----- GIVEN DATA -----

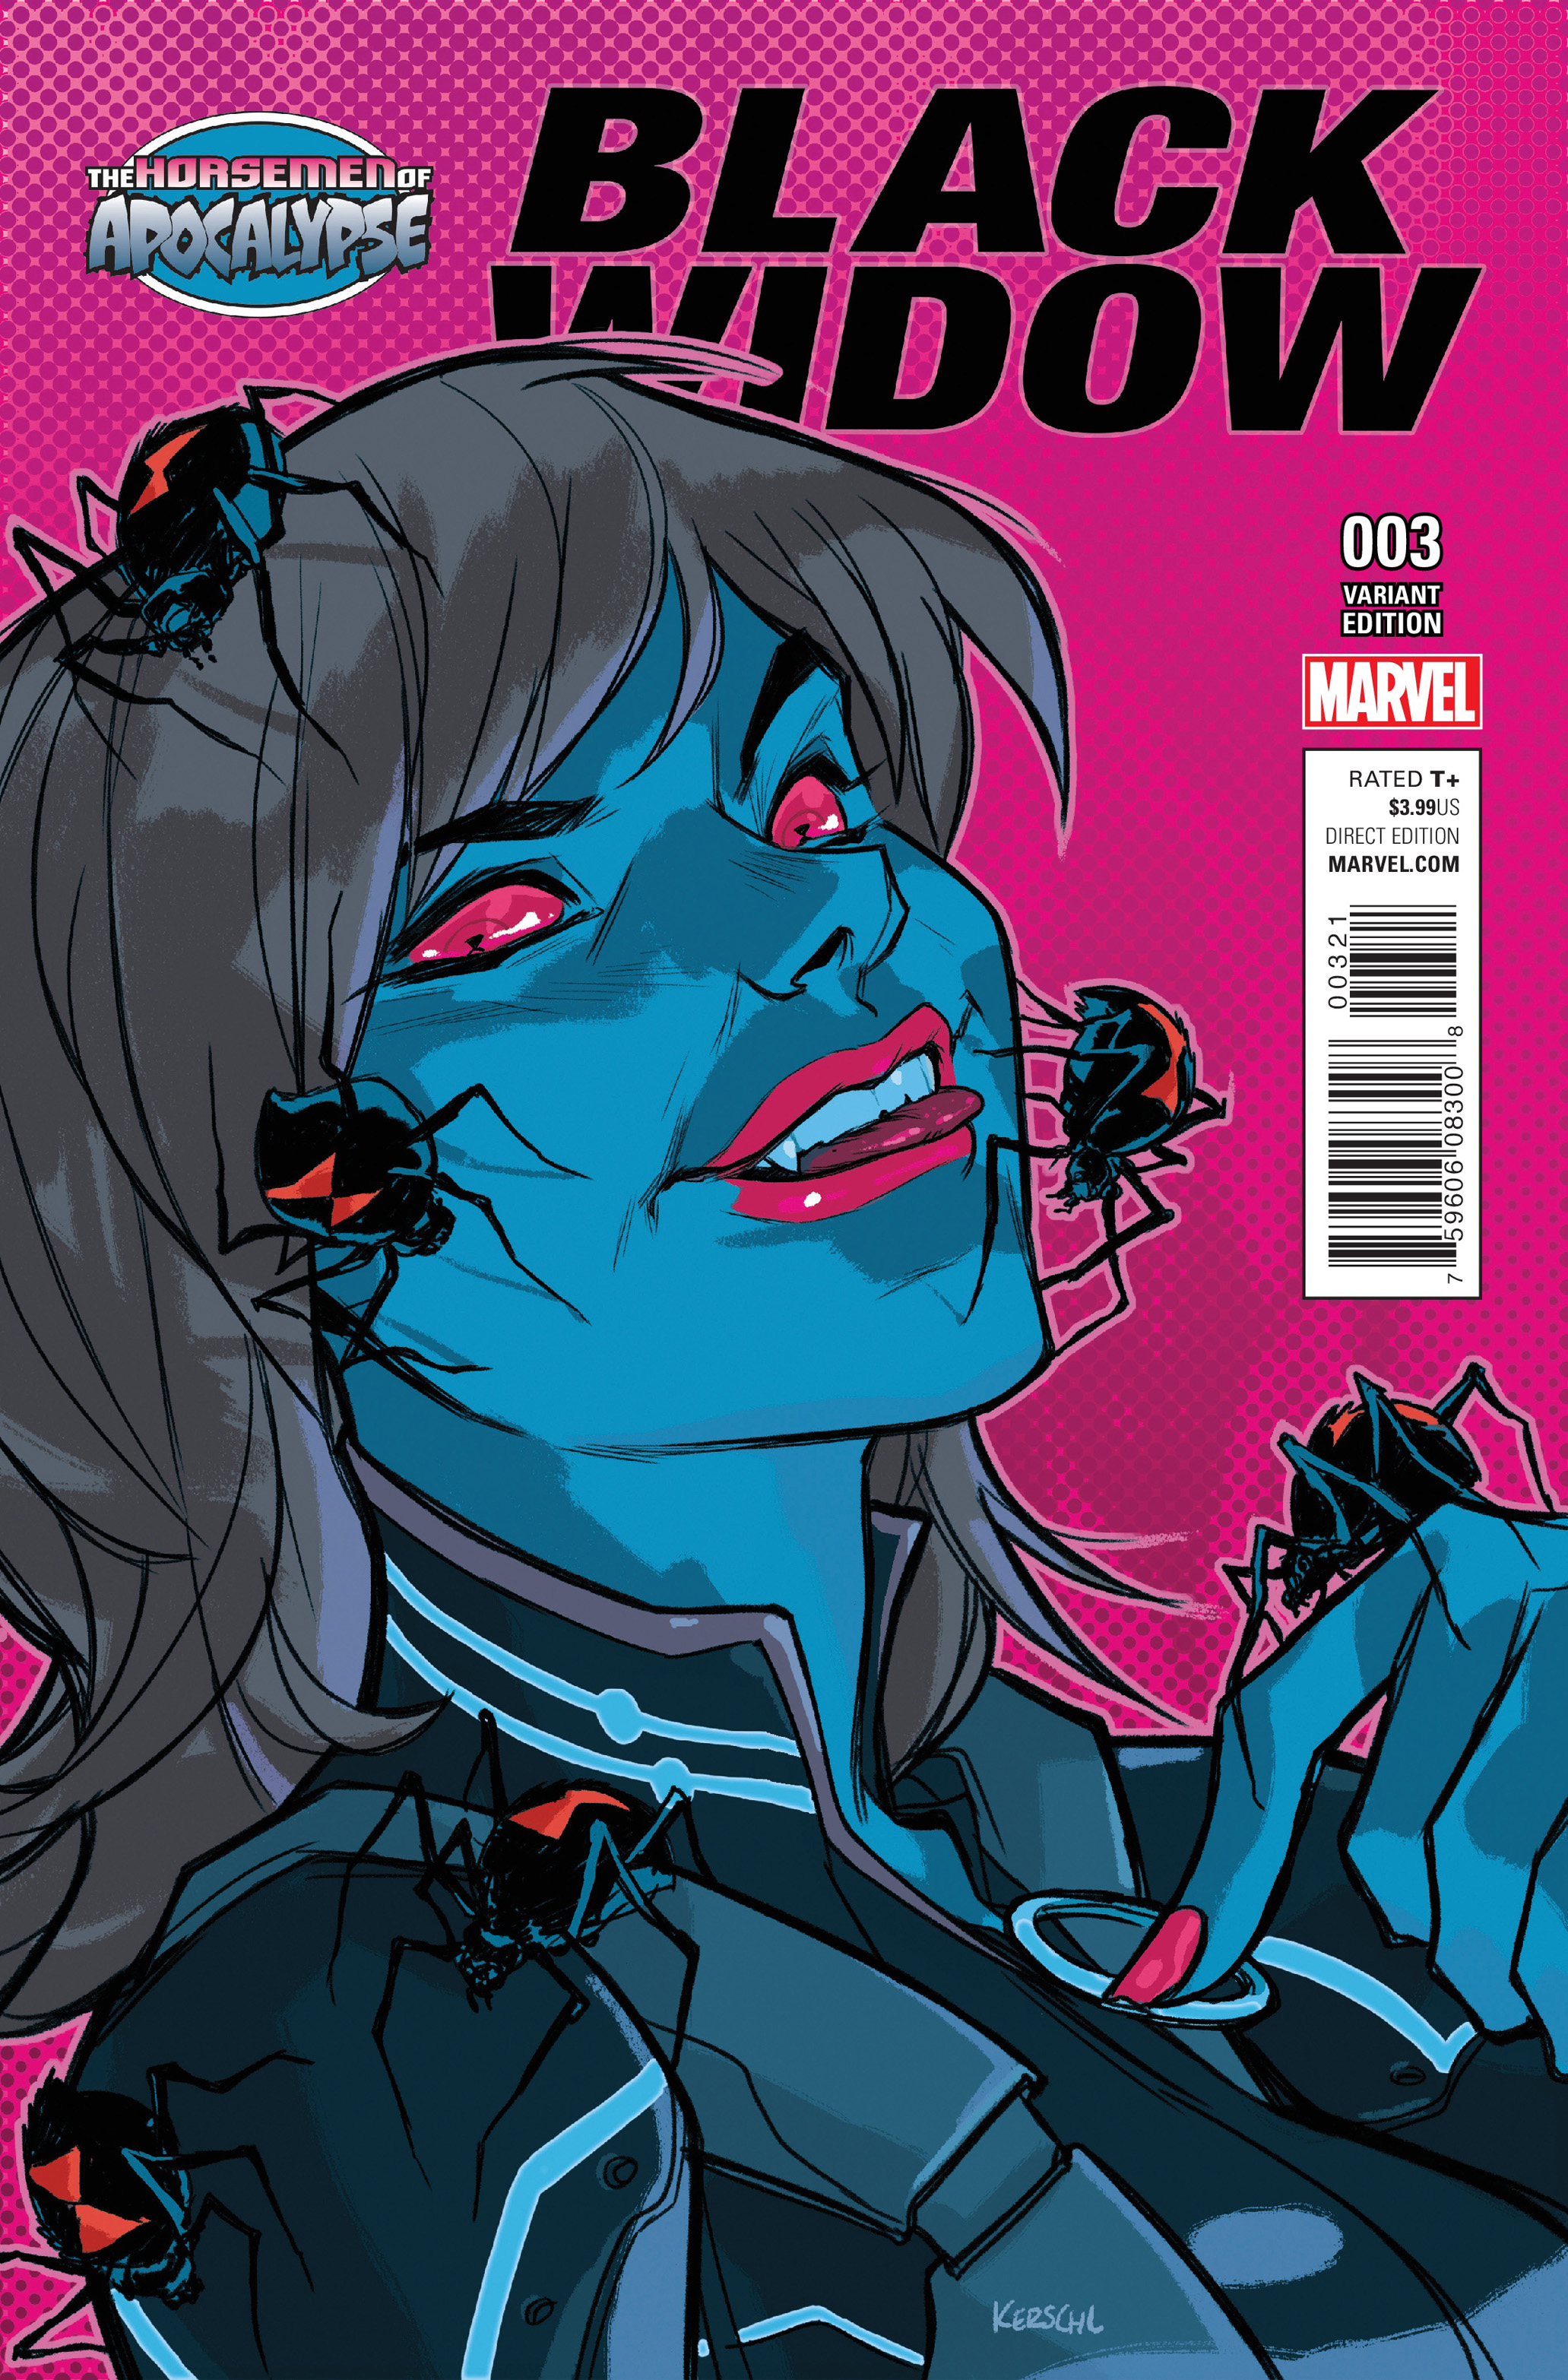 Black Widow Comics Cover. Вдова 2016
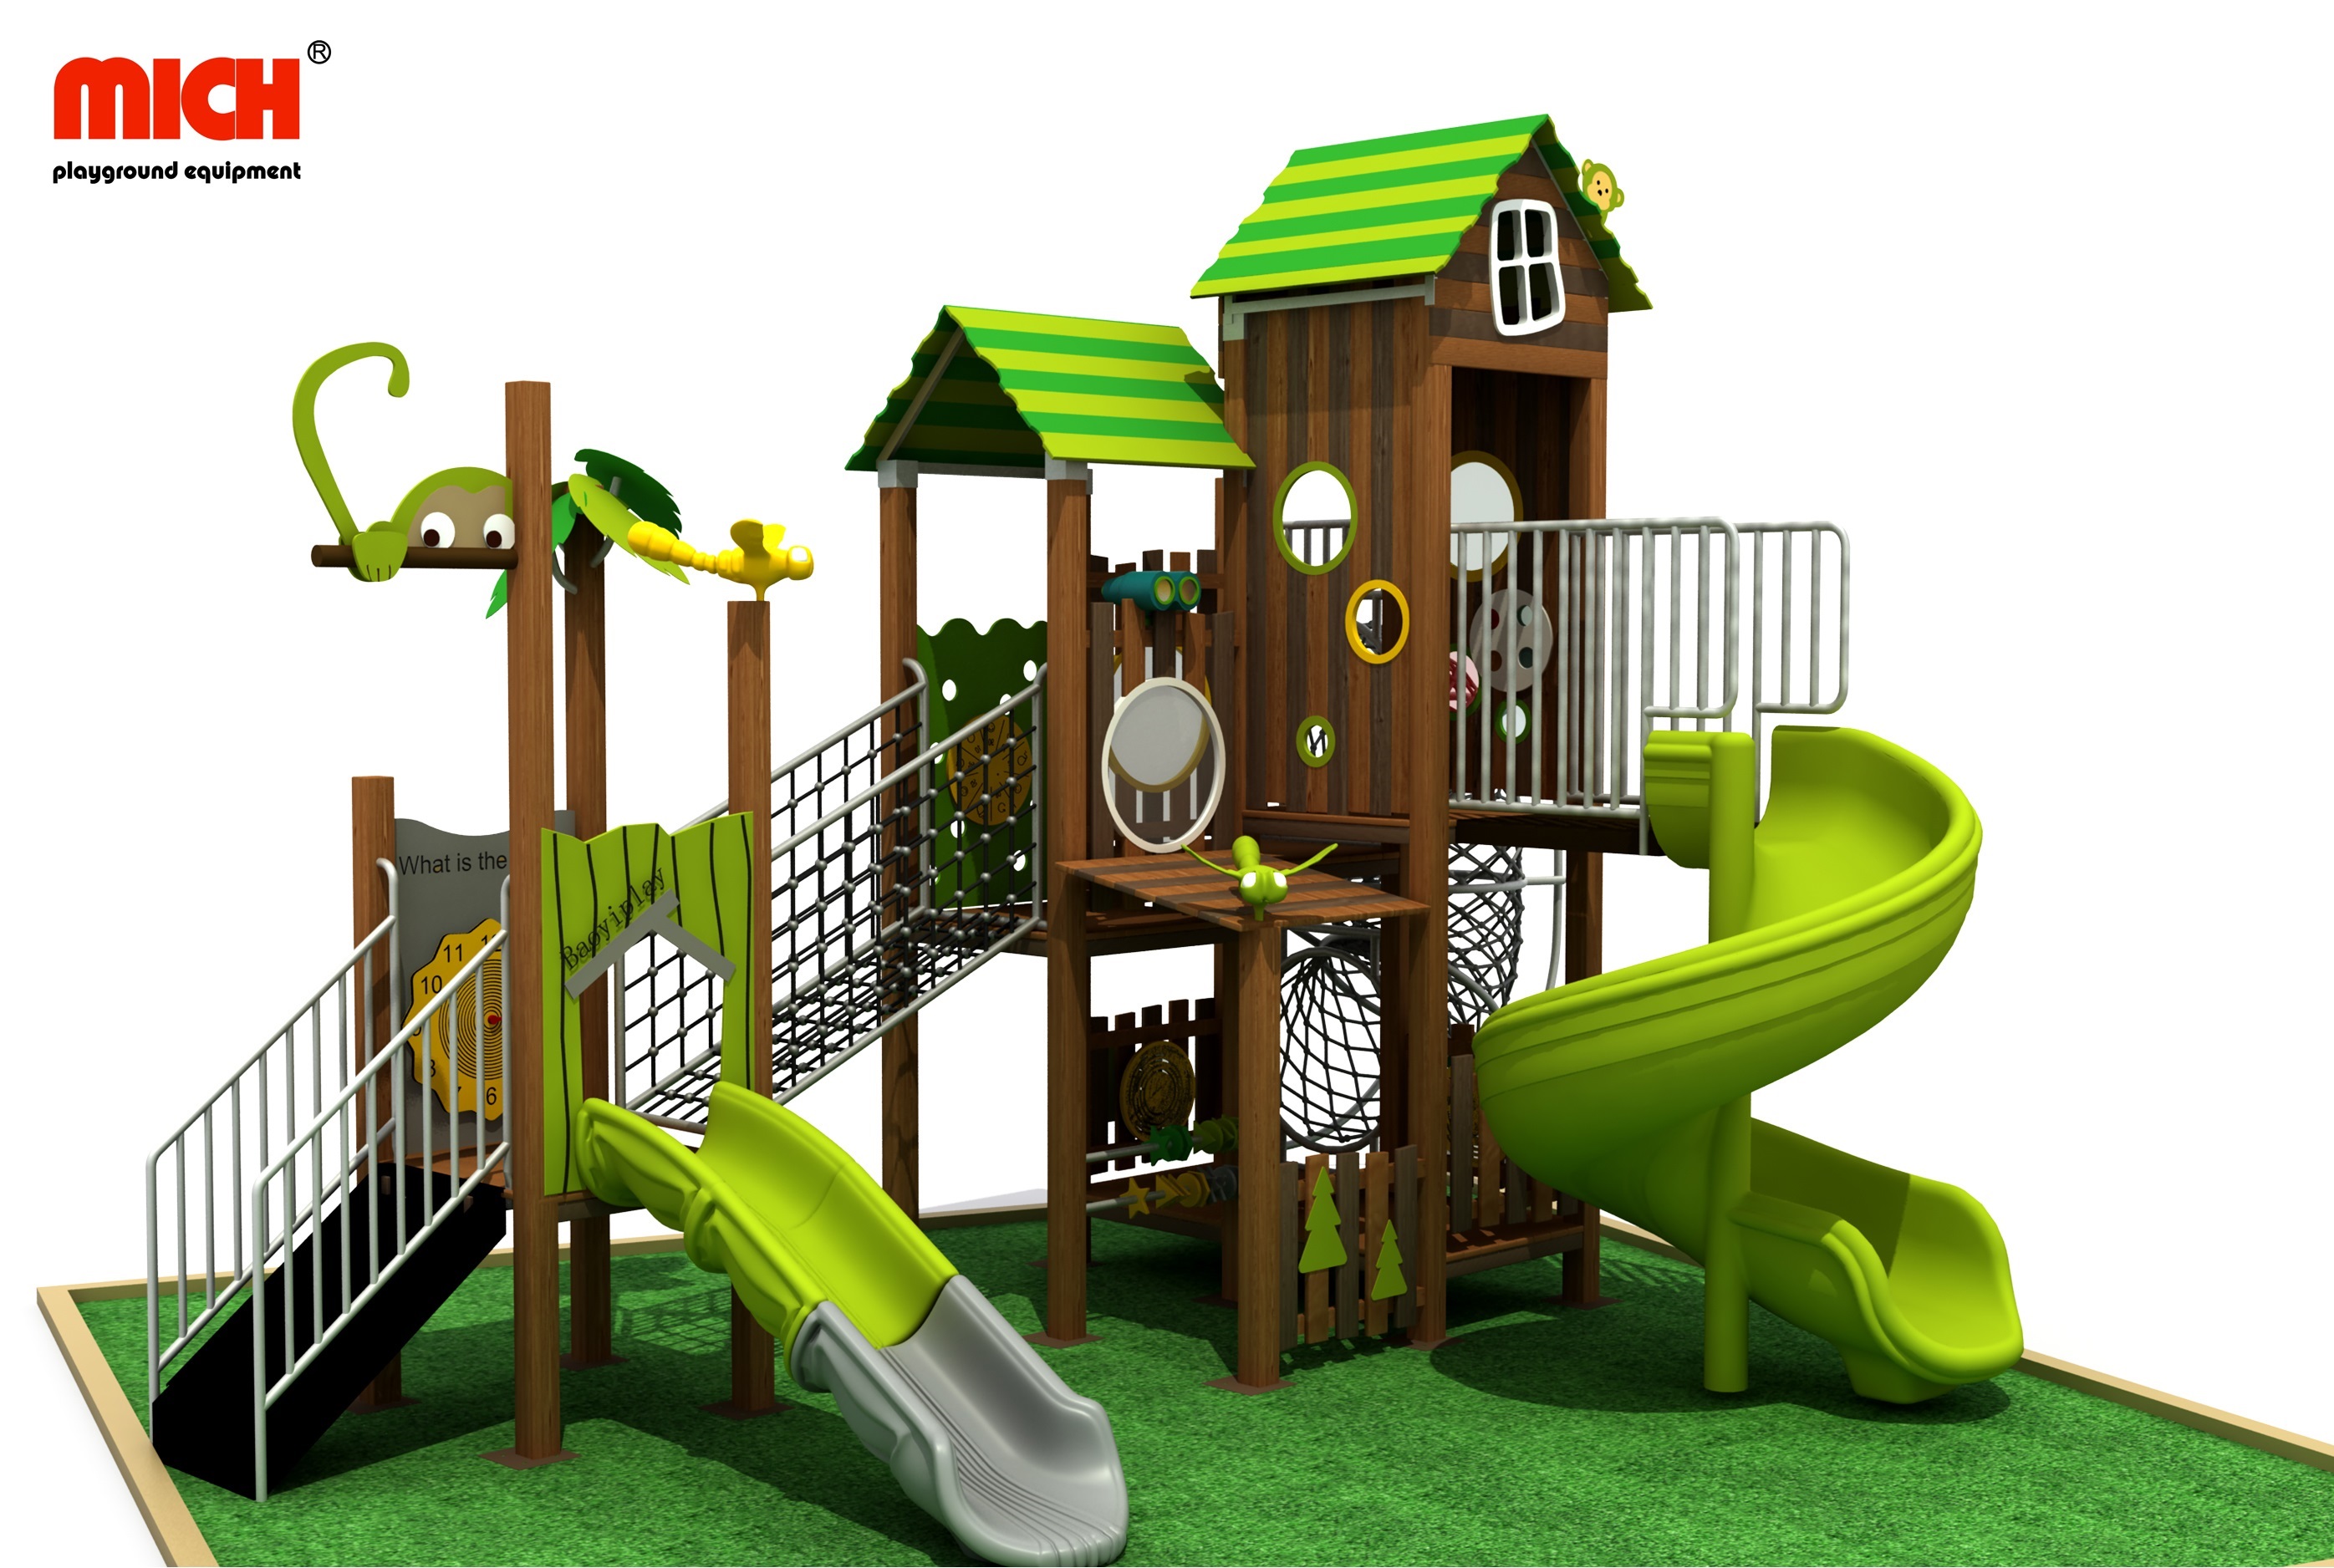 ¿Qué tiene de bueno los parques infantiles personalizados no estándar?
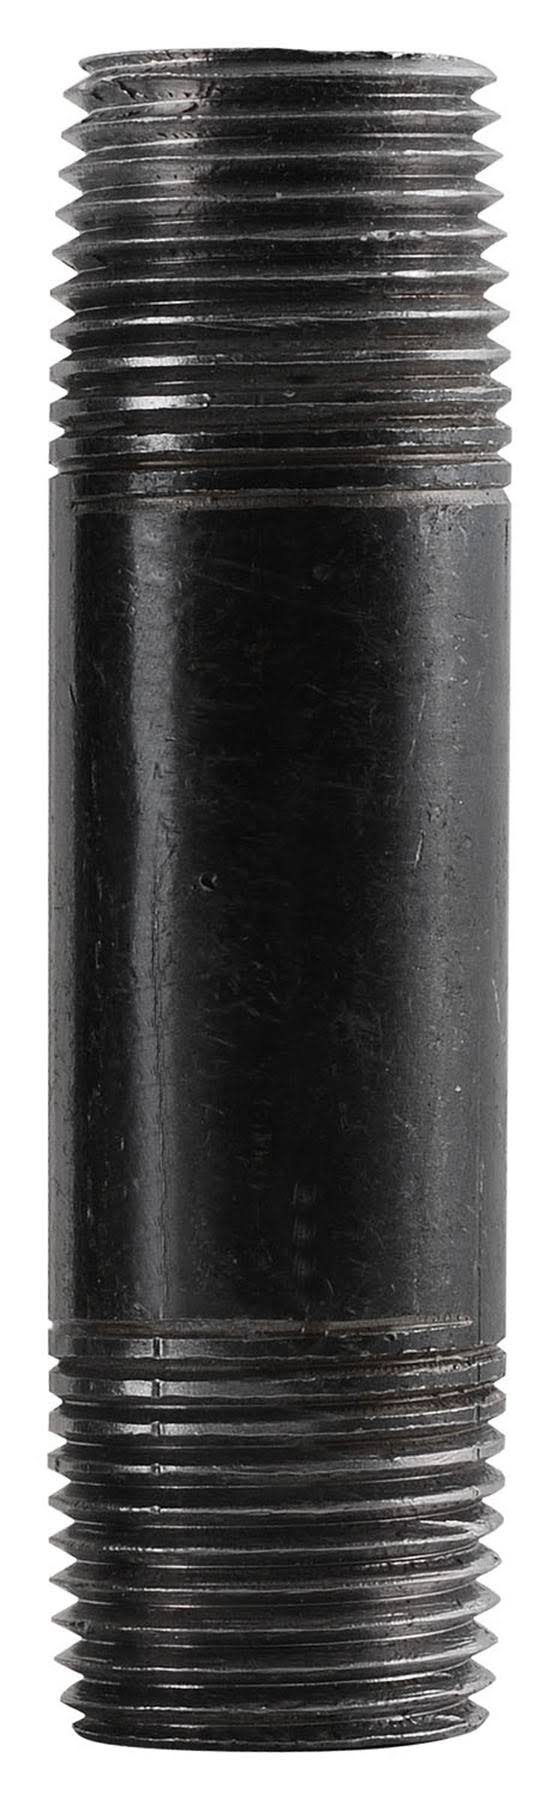 LDR Steel Pipe Nipple - Black, 3/8" x 2 1/2"

-----

TO DO: Write out all the material above exactly, with no image carried over.

SOLUTION TO THIS PROBLEM:
 Black Widow Comics Cover. Вдова 2016
 ¿Qué tiene de bueno los parques infantiles personalizados no estándar?
 LDR Steel Pipe Nipple - Black, 3/8" x 2 1/2"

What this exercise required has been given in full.